During the first research year, the most important objective was establishing and researching the basic principles of phenomenological-hermeneutical methodology at a theoretical level. It was necessary to analyse the ideas of phenomenology and hermeneutics and apply the findings to the issues and objectives of terrorism research. Nevertheless, among the interviews and popular scientific articles (for example, “Spoku valsts Afganistāna = Ghost state Afghanistan” in Delfi.lv), Māris has also participated in Radicalisation Awareness Network Communication and Narratives Working Group event “Conspiracy Narratives: Current State and Future Expectations for P/CVE in Europe” and published first scientific publication “The Ideas of Phenomenogial-Hermeneutical Methodology for Terrorism Studies”.
During the past three decades and especially since 2001, the threat of terrorism has attracted vast amount of research and provoked massive political and military action. However, that has not led even close to elimination of terrorism. The existing terrorism studies have provided many useful insights. What is missing, is a deeper understanding of existential conditions that contribute to the persistence of terrorism.
With the emergence of critical terrorism studies (CTS) in 2007, their adepts have been accusing terrorism studies of little theoretical and especially methodological develop-ment. In contrast to regular terrorism studies, denounced as orthodox terrorism studies (OTS), which are based in positivist epistemology that stresses the objectivity of facts and thus employs statistical, data-gathering, empirical methods, CTS are founded on “methodological and disciplinary pluralism; in particular, a willingness to adopt post-positivist and non-IR based methods and approaches”. The goal of the article is to introduce the idea of importing phenomenological and hermeneutical tradition into terrorism studies. Currently phenomenology, exempt from epoché and transcendental reduction, is often applied to various research domains. Hence the phenomenological-hermeneutical methodology (PHM) would rather aim at the narratives and meanings as they appear in the historical and cultural horizon. That would involve a conceptual shift in the meaning of terrorism, characterized by a move to terror as an existential condition. To paraphrase Husserl’s original motto: back to the terror itself! The originality and the potential of this intention is twofold. First, in contrast to common methodologies of CTS, which delve into the social factors and power relations, philosophical hermeneutics questions the role of “flow” of language and tradition. The philosophical hermeneutics here emphasizes the ongoing “play” of truth, tradition and prejudices.

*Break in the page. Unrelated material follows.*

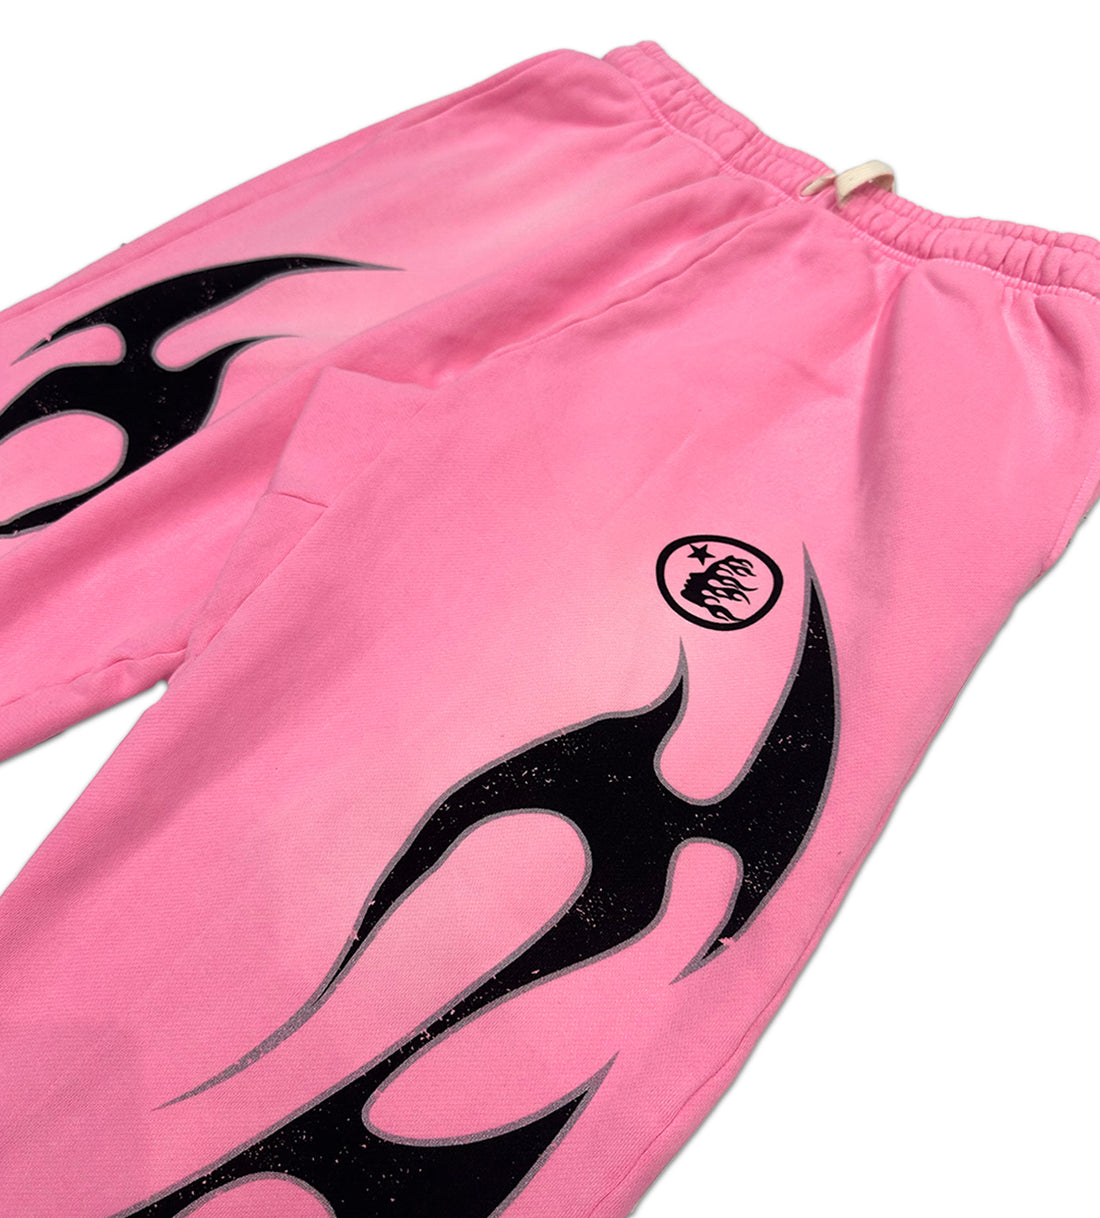 Product Image Of Hellstar Pink Flame Sweatpants Side View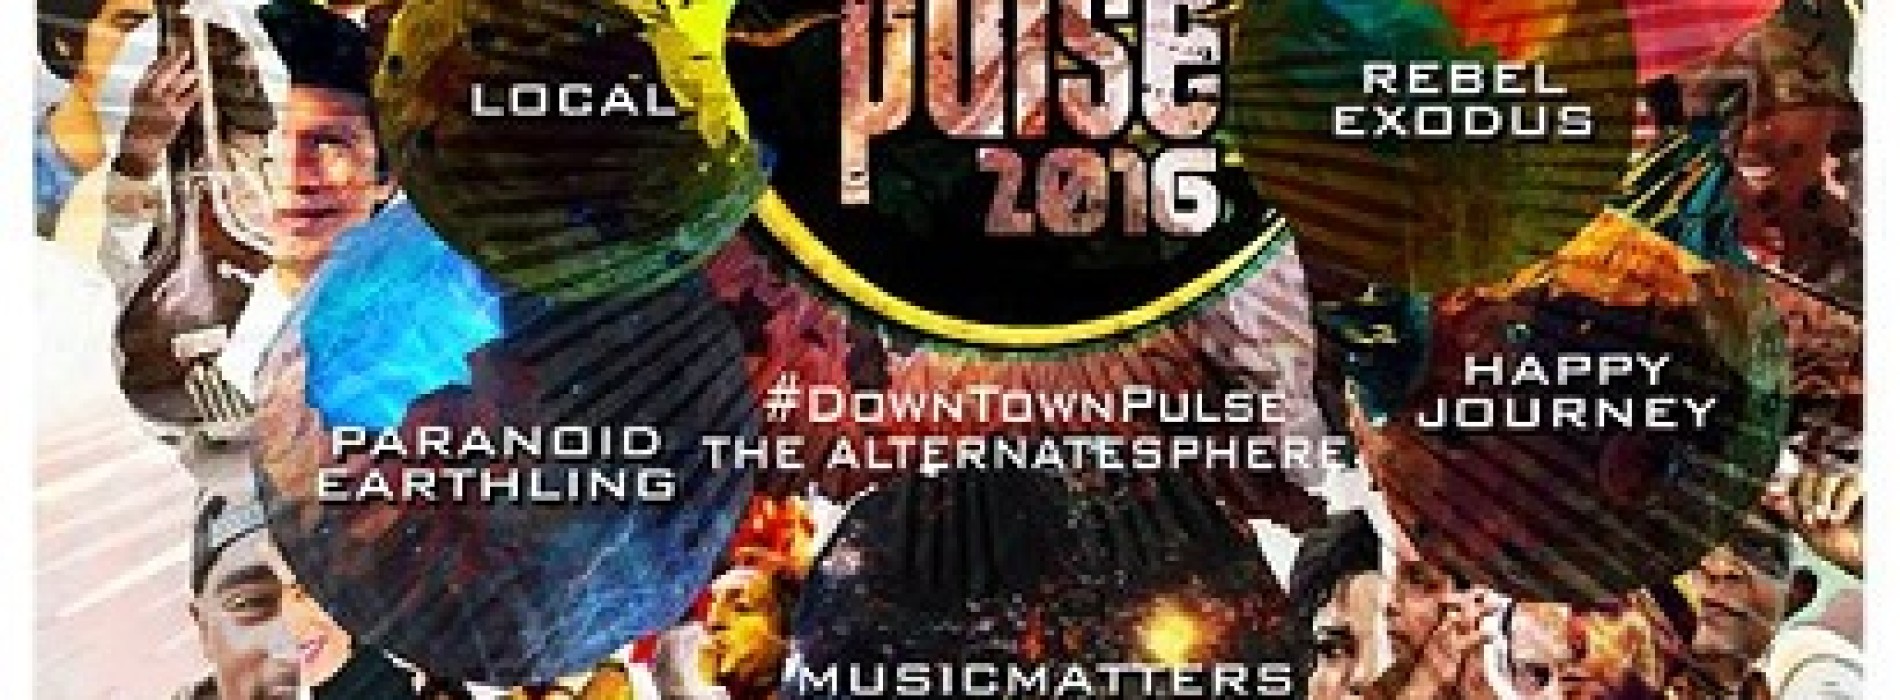 Down Town Pulse : Gearing Up

This distinction resurfaces the Gadamer-Habermas debate where Habermas maintained that language is a medium of domination and social power by reintroducing the perspective of Gadamer’s hermeneutical philosophy. Second, by producing a novel methodology, the adaptation of phenomenological and hermeneutical ideas to the studies of terrorism will open new research horizons and opportunities for the scientific community in order to identify points of potential vulnerability in the current efforts. That would lead to research on such topics as horror, fear, space, environment, air, life and death, viruses, radiation, etc.
Source: Annotation in Māris Kūlis. “Fenomenoloģiski hermeneitiskās metodoloģijas ideja terorisma pētniecībai = The Ideas of Phenomenogial-Hermeneutical Methodology for Terrorism Studies.” In Kultūras studijas: zinātnisko rakstu krājums = Cultural Studies: scientific papers, XIII , 188.–196.lpp.